Fade
- First edition
- Author: Robert Cormier
- Language: English
- Genre: Young adult fiction
- Publisher: Delacorte Press
- Publication date: 1988
- Publication place: United States
- Media type: Print
- Pages: 320
- ISBN: 0-385-73134-5
- OCLC: 57385491
- LC Class: MLCS 2006/43456

= Fade (novel) =

1988 novel by Robert Cormier

Fade is a 1988 young adult novel written by Robert Cormier.

==Plot==
In the summer of 1938, the young Paul Moreaux, who lives in a town outside of Boston called Monument, discovers he can "fade", becoming invisible. His family has had this ability generation after generation; it is somehow passed down from uncle to nephew.

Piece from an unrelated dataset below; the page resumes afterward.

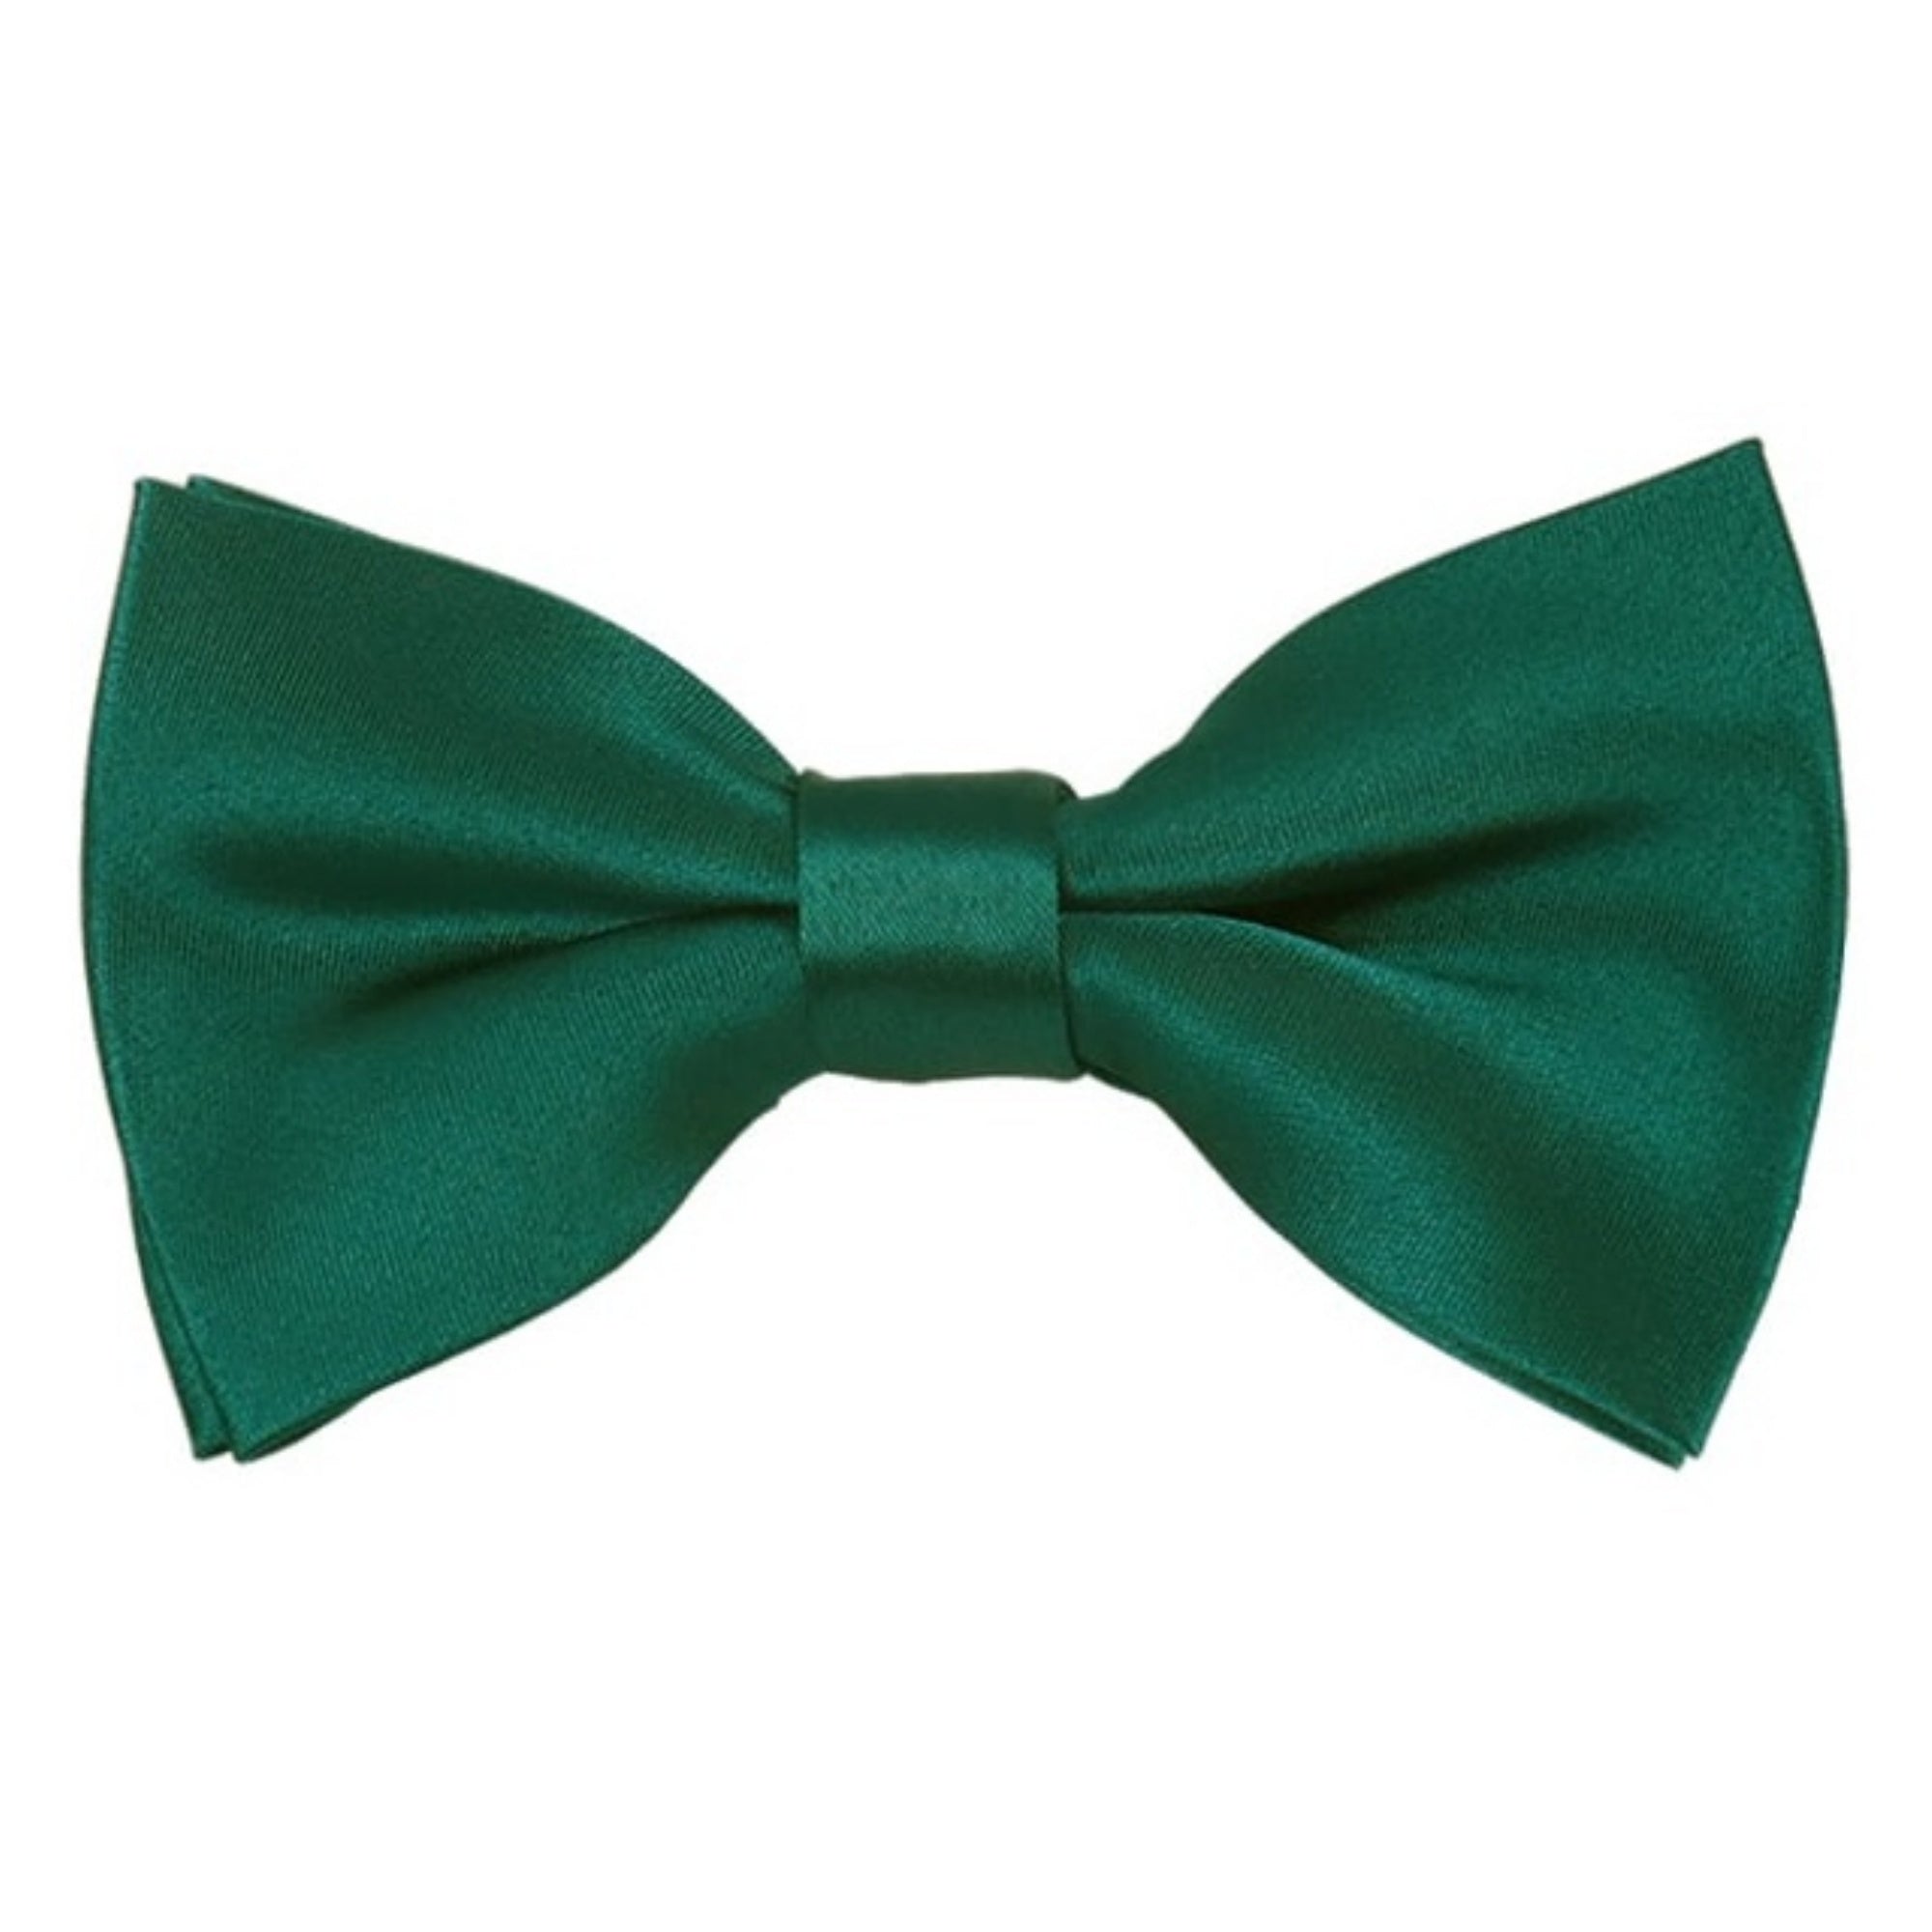 TheDapperTie Men's Solid Color 2.5 W And 4.5 L Inch Pre-Tied adjustable Bow Ties Men's Solid Color Bow Tie TheDapperTie Teal Green

Bewildered and then thrilled with the possibilities of invisibility, Paul experiments with his "gift". He sees things that he should not witness. His power soon overloads him, shows him shocking secrets, pushes him over the edge, and drives him toward some chilling and horrible acts for which there is no forgiveness, no forgetting, and no turning back. Paul discovers how cruel, evil, and disgusting the world can be, and how the ability to fade becomes a nightmare.

==Reception==
Fades scenes of murder and incest have made it a frequent target of censors; the novel appears on the American Library Association list of the 100 Most Frequently Challenged Books of 1990–2000 at number 65.

==Film adaptation==

In January 2009, Darko Entertainment acquired the rights to the novel. The company will adapt and produce a film adaptation. The novel will be adapted by Adam Prince and the film will be produced by Richard Kelly, Sean McKittrick, Ted Hamm and Ilene Staple. As of August 2023, there has yet to be any additional information regarding the release of the film adaptation.